Since the data represent a normalized distribution, you can also verify that the fitted curve integrates to unity after removing the amplitude factor. This check can be done numerically:

j_check = np.linspace(0, 100, 2000)
y_check = shape_fn(j_check, *params_hat)
area = integrate.trapezoid(y_check / params_hat[-1], j_check)
print("Area under curve (normalized):", area)

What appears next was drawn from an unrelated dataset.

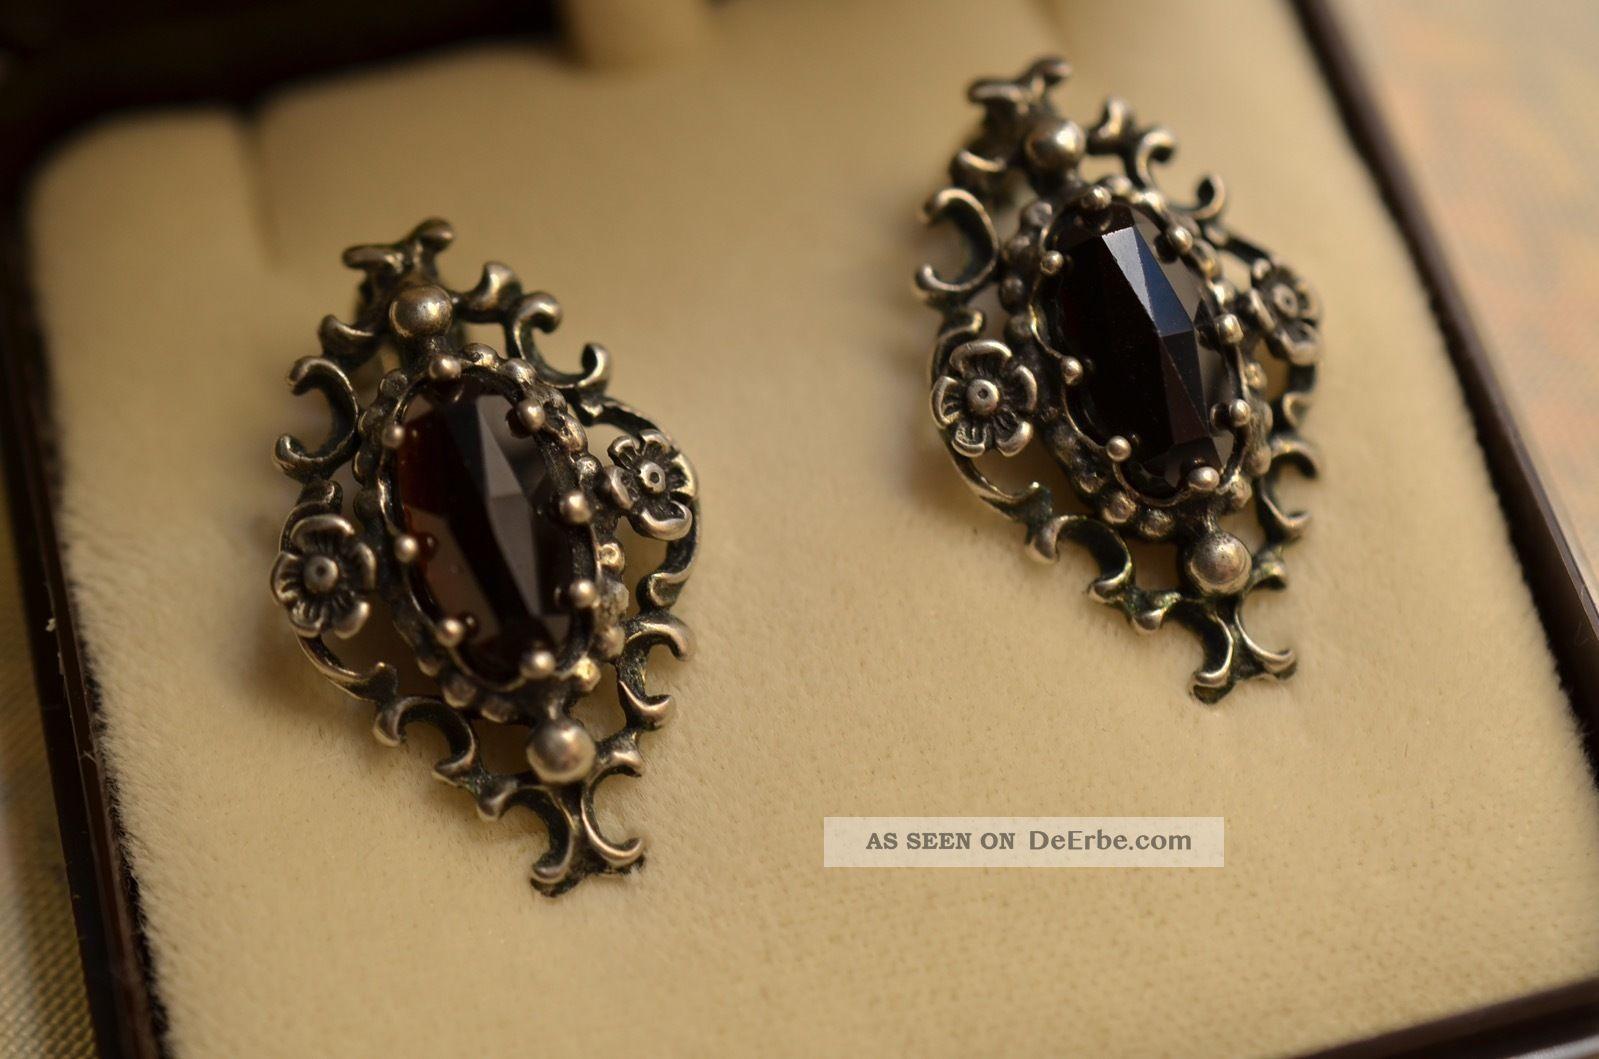 Schöne Alte Ausgefallene Granat Ohrringe Ohrclips Silber Schmuck & Accessoires Bild

The area is effectively one, which is consistent with the interpretation of y as a unit-area distribution.

Why this matters

Non-linear least squares is sensitive to formulation. A missing pair of parentheses silently changes how the parameter enters the model. A distribution normalized to unit area forces an additional free scale if you want the optimizer to adjust both height and shape. And ignoring units can inflate or deflate parameters by many orders of magnitude, confusing both the solver and anyone reading your results.

Practical takeaways

Parenthesize denominators like (kB*T) in both the prefactor and the exponent. Include a free amplitude N when fitting distributions whose area is fixed by construction. Keep the exponent dimensionless by aligning units; using kB in eV/K is a pragmatic choice in this case and leads to stable estimates. Finally, be consistent when plotting: evaluate the fitted function on the same x-array used for fitting to avoid mismatches.

Adhering to these small but crucial details turns an intractable fit with a singular covariance into a well-behaved regression with interpretable parameters and a high-quality match to the data.